All in all, we have performed feature selections and cross test all the models. It results in Neural Network is found the best model to predict PUBG final placement with lowest RMSE and highest explained variance on the entire features. Next, the game strategy is important to adapt in the game. To win a PUBG match, sharpened skills, equipment gaining and the keep-moving strategy are necessary to have. Lastly, the strategy from PUBG is also important in life. To success in life, people should put all their efforts on things that matters like the KPI in companies, obtain resource as many as possible, and keep moving to widen horizons.


Future Work

First, originally, SVR was planned to test as well, but every time it ran SRV, the computer froze. I had to remove it from my candidates list.
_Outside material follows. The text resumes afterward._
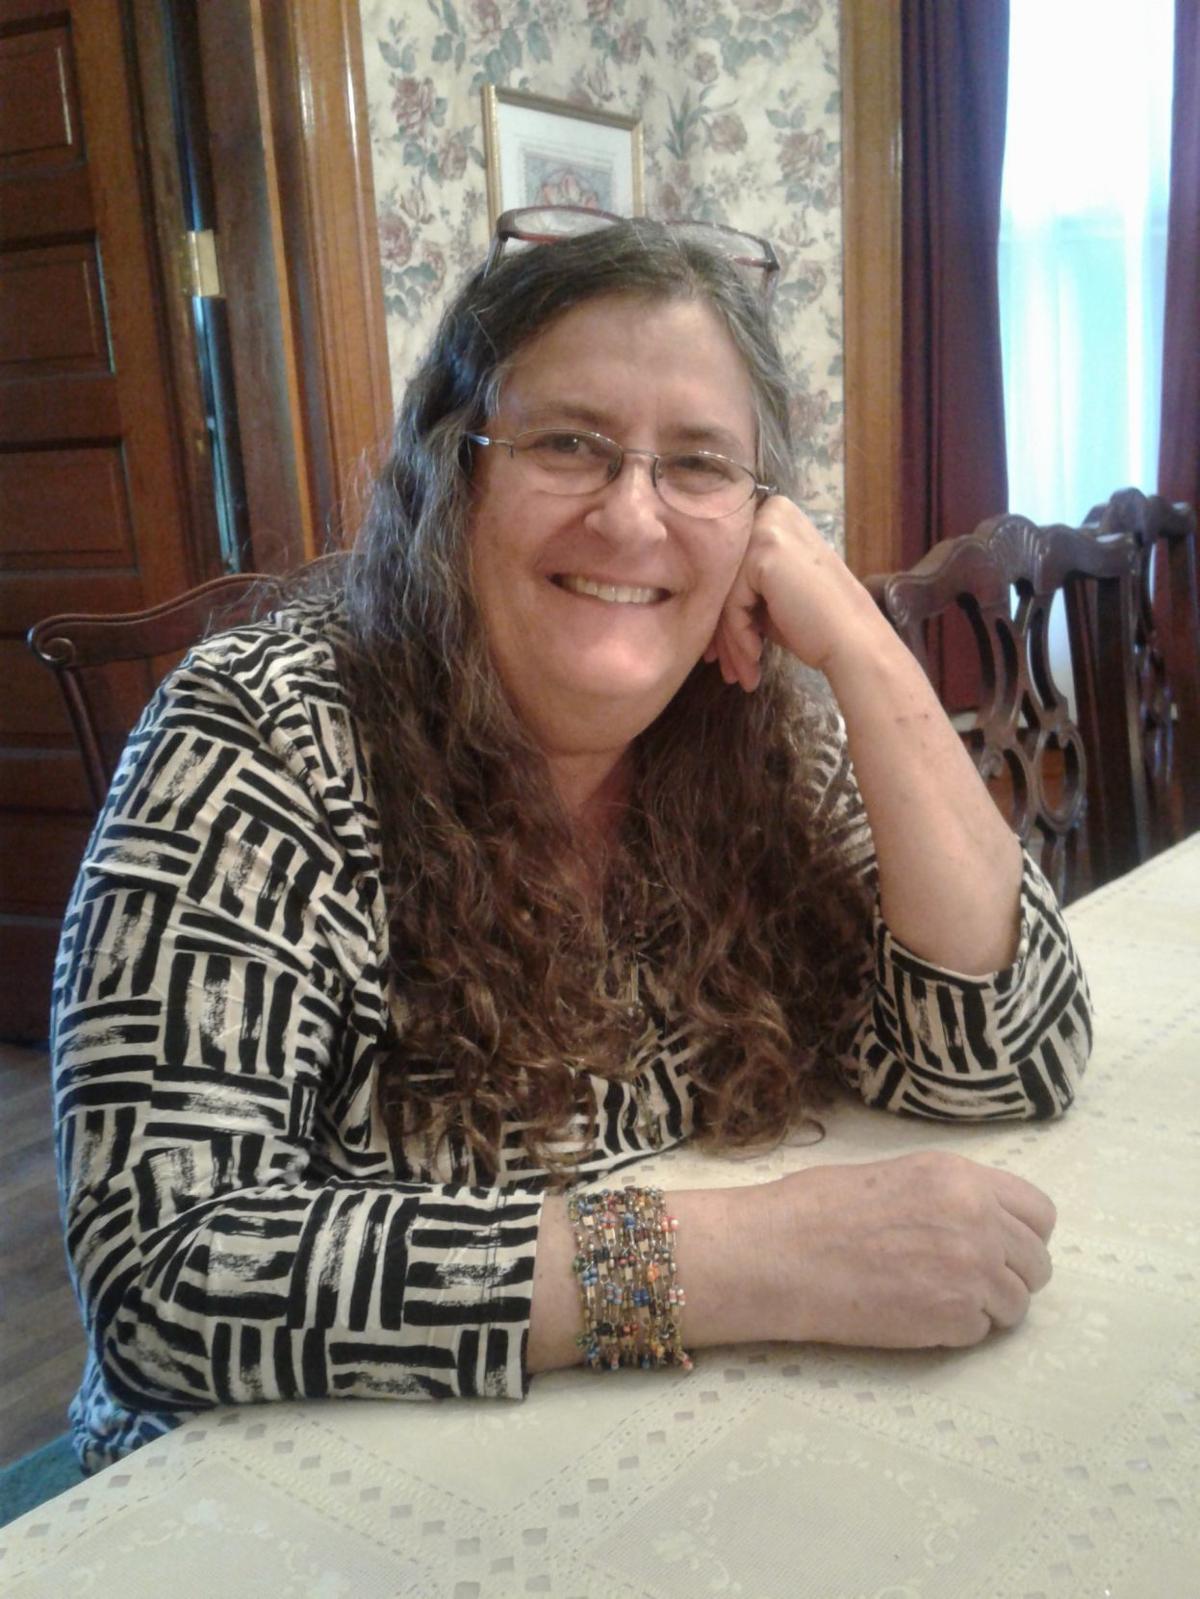 Jane Ellen Ibur, St. Louis poet laureate, at her home

The reason might be the size of training data is too large (more than 30 thousands). In future, I should rent a cloud machine like AWS EC2 machine to solve the data size problem. Second, in this study, we only discuss the solo-mode prediction and analysis. Although the prediction and game strategy are robust and interesting, it will be better if dual-mode and group-mode could be done. Since human are social beings, analysis on dual-mode and group-mode could help us to find the pattern that people helping with each other. Therefore, I hope in future, this could be done.